Thanksgiving is a favorite of food lovers, and why not? Each person has a dish or dishes that are a must for the holiday table. It is not Thanksgiving for me without sweet potato casserole and pecan pie. While I am sure these two dishes would not make the healthy food list according to the Surgeon General, substituting a baked yam and a Splenda-infused dessert just wouldn’t cut it.
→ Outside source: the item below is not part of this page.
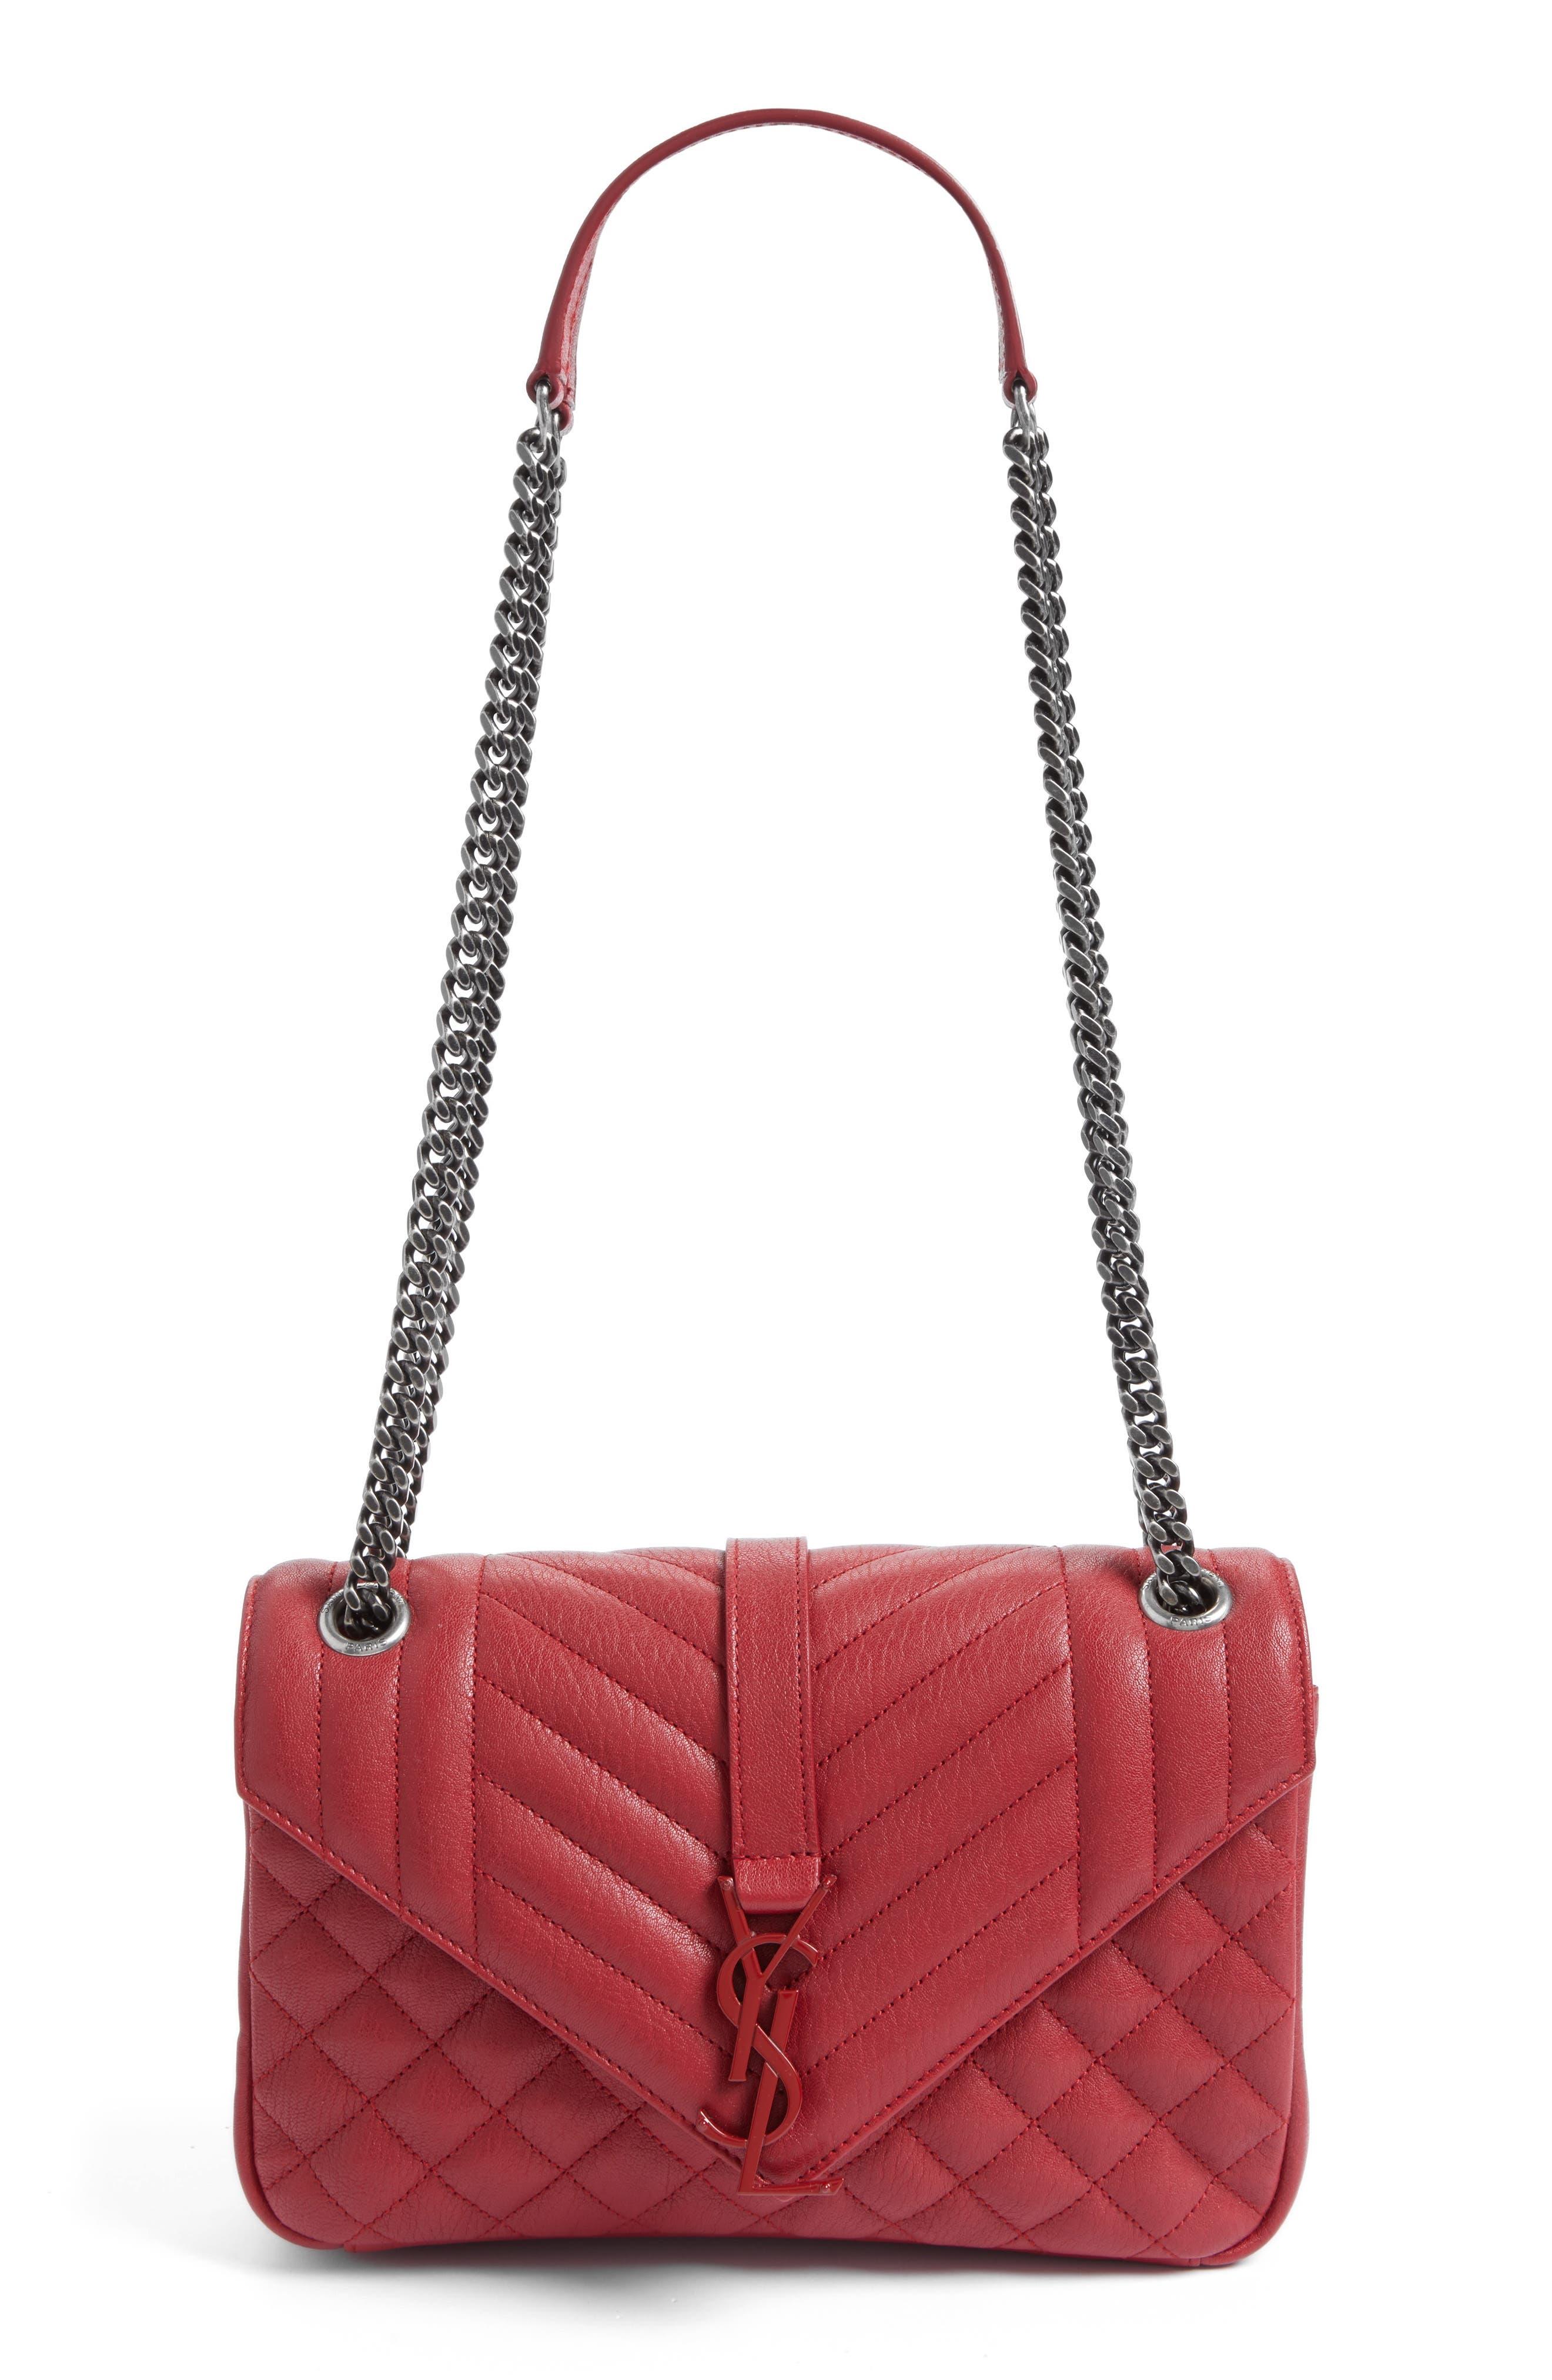 Alternate Image 1 Selected - Saint Laurent Large Monogramme Matelassé Leather Shoulder Bag

However, it is very easy to overindulge in all that delicious food, and instead of enjoying the holidays, you may wind up with a giant case of indigestion. Here are four portion control tips at Thanksgiving:
Don’t Pig-Out at the Snack Table
It seems to be more of a tradition these days to put out bowls of snacks so you don’t starve to death waiting for the turkey to cook. If you’re lucky, there might be some healthy snacks such as nuts, or dried fruit. In any case, choose a favorite, and when you’re finished throw your paper plate away, so you won’t be tempted to make a return trip.
Eat Favorites First
Your plate can fill up very quickly when those holiday platters are passed around the table, so eat your favorites first. If mom’s creamy mashed potatoes and homemade yeast rolls are what makes your Thanksgiving brighter, enjoy every bite.
Take Small Portions
When you take small portions, you can enjoy a wider variety of food and not feel stuffed. Eat slowly and savor the different textures and tastes of your food. If you’re still not satisfied, you can always have a second helping.
Remember, you don’t have to eat all your favorites at one meal. It’s fun to create something different out of the leftovers. From the traditional turkey sandwich to something more creative like turkey hash or tetrazzini, there are more opportunities to indulge in holiday favorites.